2024-05-23 19:38:13 发布

您现在位置:Python中文网/ 问答频道 /正文

有人能帮我理解为什么我在这里的函数不返回我作为参数提供的url列表中的每个url,以及为什么我得到以下输出吗?我只是尝试返回每个项目的url和列表,以及每个url的项目对应的所有图像。你知道吗

beta_test_items = ['https://www.facebook.com/marketplace/item/2009940172578816',
 'https://www.facebook.com/marketplace/item/1591865710899243']

from selenium import webdriver
from time import sleep
from selenium.webdriver.common.keys import Keys
from selenium.webdriver.support.ui import WebDriverWait
from selenium.webdriver.common.by import By
from selenium.webdriver.support import expected_conditions as EC

def scrape_item_details(beta_test_items):
    #finish this function
    for url in beta_test_items:
        images = []
        driver.get(url)
        sleep(3)
        image_element = driver.find_element_by_xpath('//img[contains(@class, "_5m")]')
        images = [image_element.get_attribute('src')]

        try:
            previous_and_next_buttons = driver.find_elements_by_xpath("//i[contains(@class, '_3ffr')]")
            next_image_button = previous_and_next_buttons[1]
            print(next_image_button.text)
            if  next_image_button.is_displayed():
                next_image_button.click()

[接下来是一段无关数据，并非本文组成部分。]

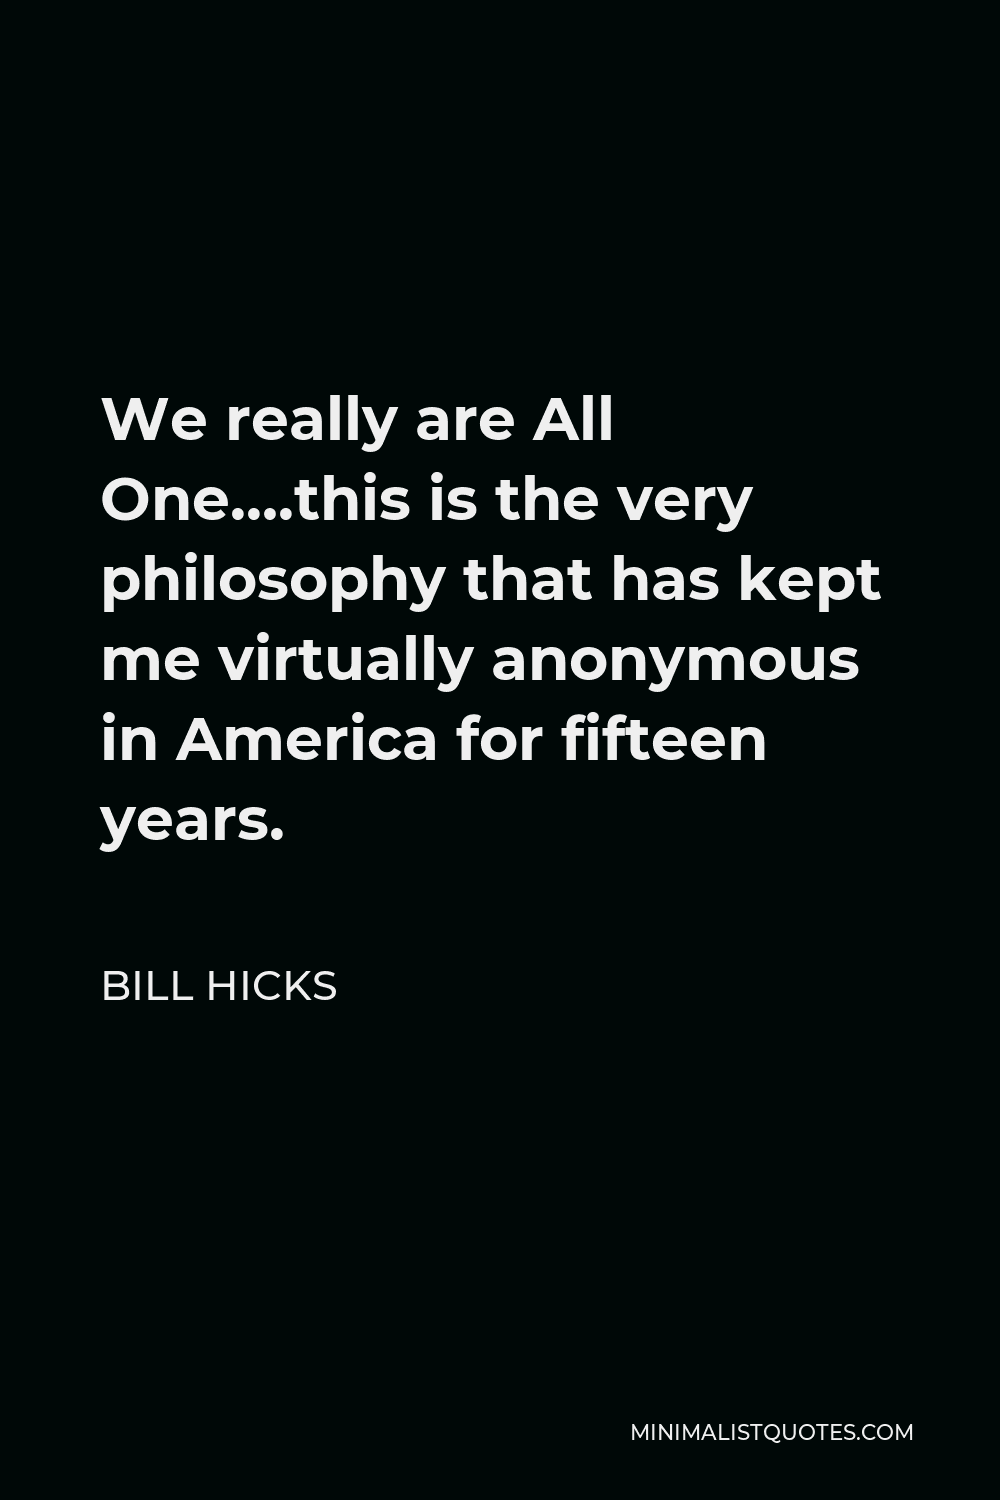 Bill Hicks Quote - We really are All One….this is the very philosophy that has kept me virtually anonymous in America for fifteen years.
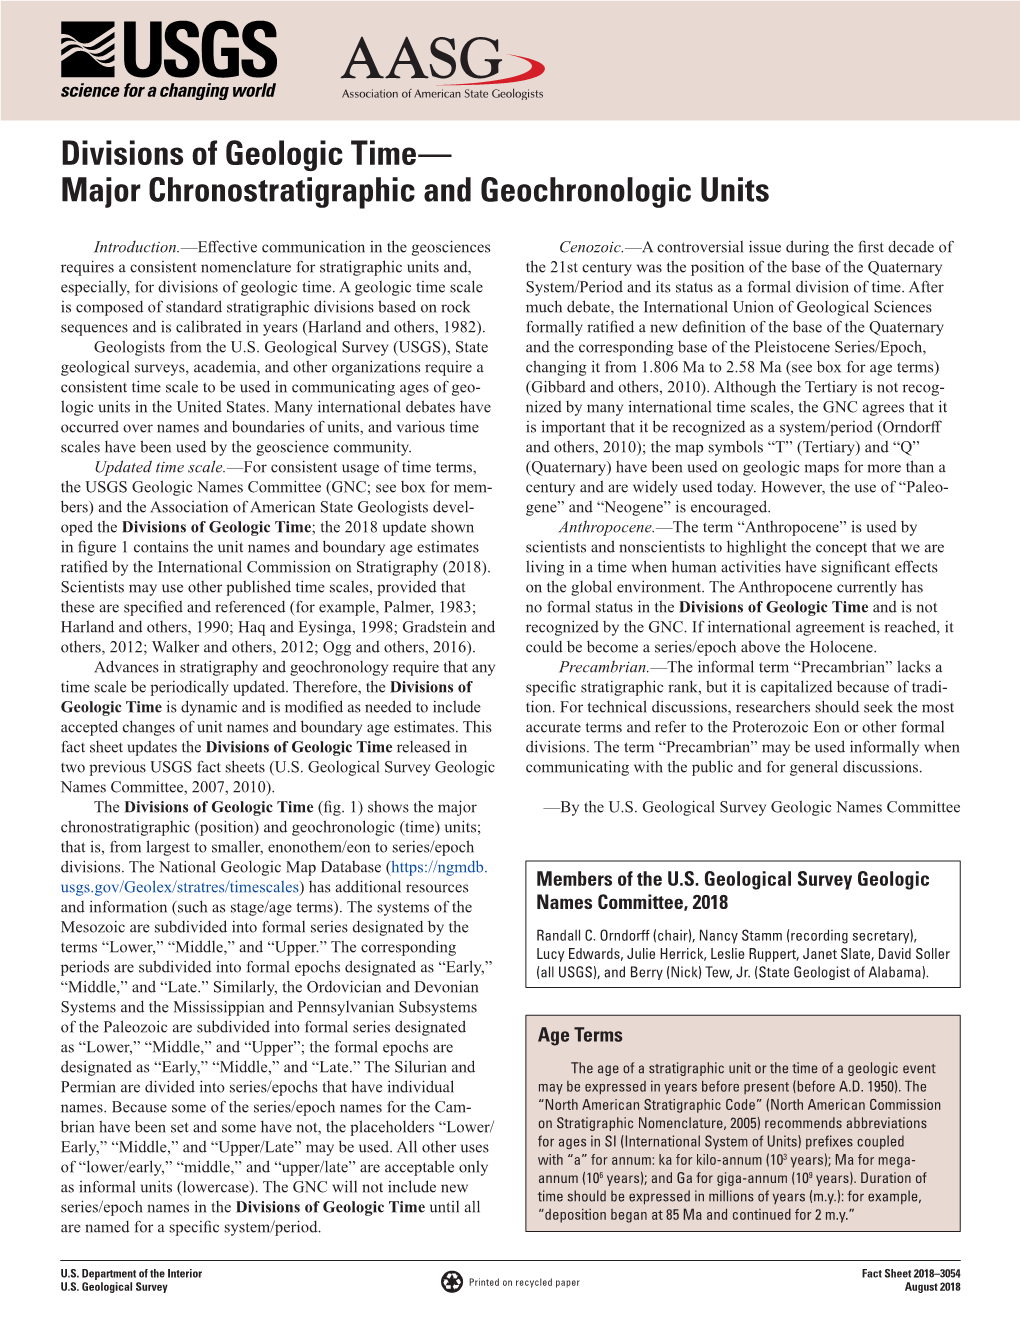 Divisions of Geologic Time— Major Chronostratigraphic and Geochronologic Units

                image_element = driver.find_element_by_xpath('//img[contains(@class, "_5m")]')
                print(image_element.get_attribute('src'))
                sleep(2)   

                if image_element.get_attribute('src') in images:
                    pass
                else:
                    images.append(image_element.get_attribute('src'))

            else:
                pass
        except:
            pass

        yield(url, images)

if __name__ == '__main__':

当我尝试当前运行它时,我得到了以下输出,我不知道为什么在第二张照片被附加到图像列表后,它会在第一个url上停止:

In [46]: scrape_item_details(beta_items_list)
['https://scontent-atl3-1.xx.fbcdn.net/v/t1.0-9/27750896_2002108023449096_2229019388723795634_n.jpg?oh=26d3fe06595affdcbd142754766fe934&oe=5B0933C9']
Next
https://scontent-atl3-1.xx.fbcdn.net/v/t1.0-9/27655331_2002108026782429_4575620607831413757_n.jpg?oh=a7c94bc2b8ef8b39bc65291b641f7953&oe=5B0A11DD
Out[46]: 
('https://www.facebook.com/marketplace/item/2009940172578816',
 ['https://scontent-atl3-1.xx.fbcdn.net/v/t1.0-9/27750896_2002108023449096_2229019388723795634_n.jpg?oh=26d3fe06595affdcbd142754766fe934&oe=5B0933C9',
  'https://scontent-atl3-1.xx.fbcdn.net/v/t1.0-9/27655331_2002108026782429_4575620607831413757_n.jpg?oh=a7c94bc2b8ef8b39bc65291b641f7953&oe=5B0A11DD'])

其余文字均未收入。